By Healthcare Finance Staff

For a sense of substance abuse treatment demand with new national essential health benefits, insurers should note the increase in services in states that enacted parity laws during the last decade.

Since 2000, more than half of U.S. states had enacted laws requiring private insurers to cover substance abuse treatment, and that corresponded with an uptick in treatment rates, Hefei Wen, an Emory University researcher, found in a study published in the Journal of the American Medical Association-Psychiatry.

A state implementation of any law mandating private coverage of substance abuse disorder (or SUD) was linked with a 9 percent increased treatment rate in all facilities and 15 percent in those accepting private insurance.

Estimating the impact of the Affordable Care Act's extension of behavioral and substance abuse treatment benefits to everyone, with Medicaid, group or individual policies, Wen wrote that there may be "an unparalleled growth of the SUD treatment rate in the public and private sectors." So much so that Wen and other researchers are wondering whether the nation's existing treatment centers, mostly speciality facilities, will be able to accommodate the new demand.

The ACA builds on a 2008 parity law that extended substance abuse treatment benefits only in group insurance nationally, and state laws range in their requirements and limits on the number of visits or prior authorizations health plans can use.
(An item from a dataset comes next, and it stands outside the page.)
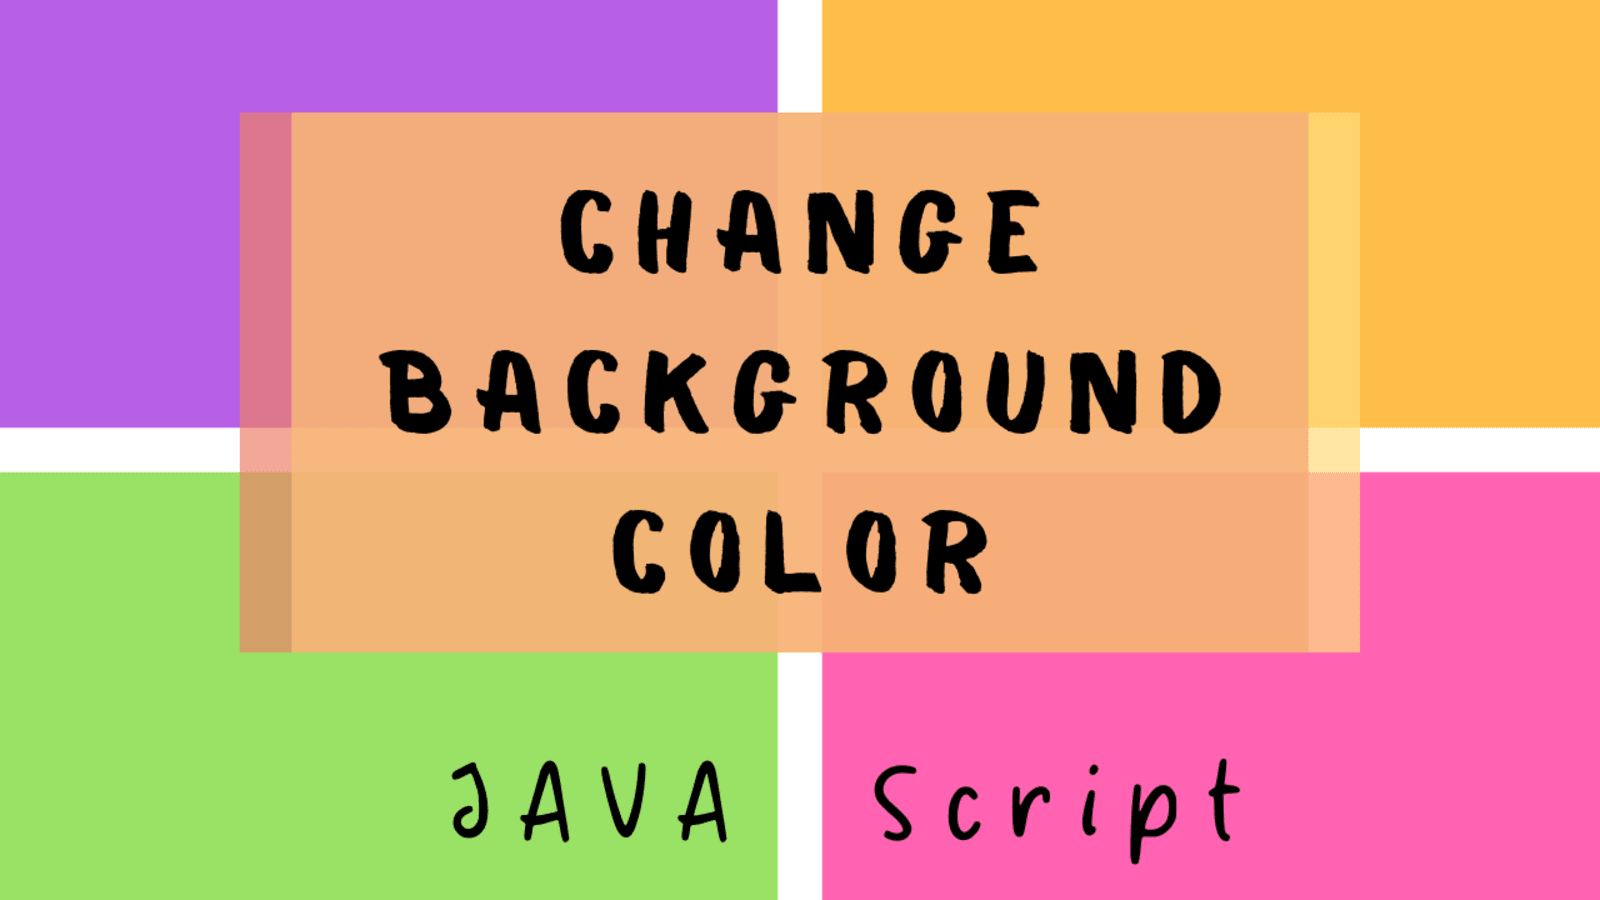 Thay đổi màu nền bằng JavaScript là cách tuyệt vời để tạo sự thay đổi và ấn tượng cho trang web của bạn. Hãy xem hình ảnh để biết cách thực hiện việc này.

In some states that already have parity laws, treatment rates could increase as the ACA replaces looser mandates with requirements for comprehensive benefits.

The Department of Health and Human Services estimates that about 25 percent of the nation's 48 million uninsured have some type of mental illness or substance abuse disorder in need of treatment, and of course lifelong drug and alcohol abuse can lead to cascading and costly health problems later in life and shorten life expectancy.

Insurers in several large states that have had limited mental health parity laws can probably expect to see an increase in demand for both behavioral and substance abuse treatment when the ACA's rules take effect in 2014, including in Florida, New Jersey, Ohio, Pennsylvania and Texas.

The behavioral health treatment industry is growing as well. The Bureau of Labor and Statistics projects a more than 20 percent growth rate through 2018 for mental health and substance abuse counselors. Behavioral health providers, primary care doctors and insurers will also have contend with potentially ambiguous and complex issues related to treatment for overeating and technology and internet addiction.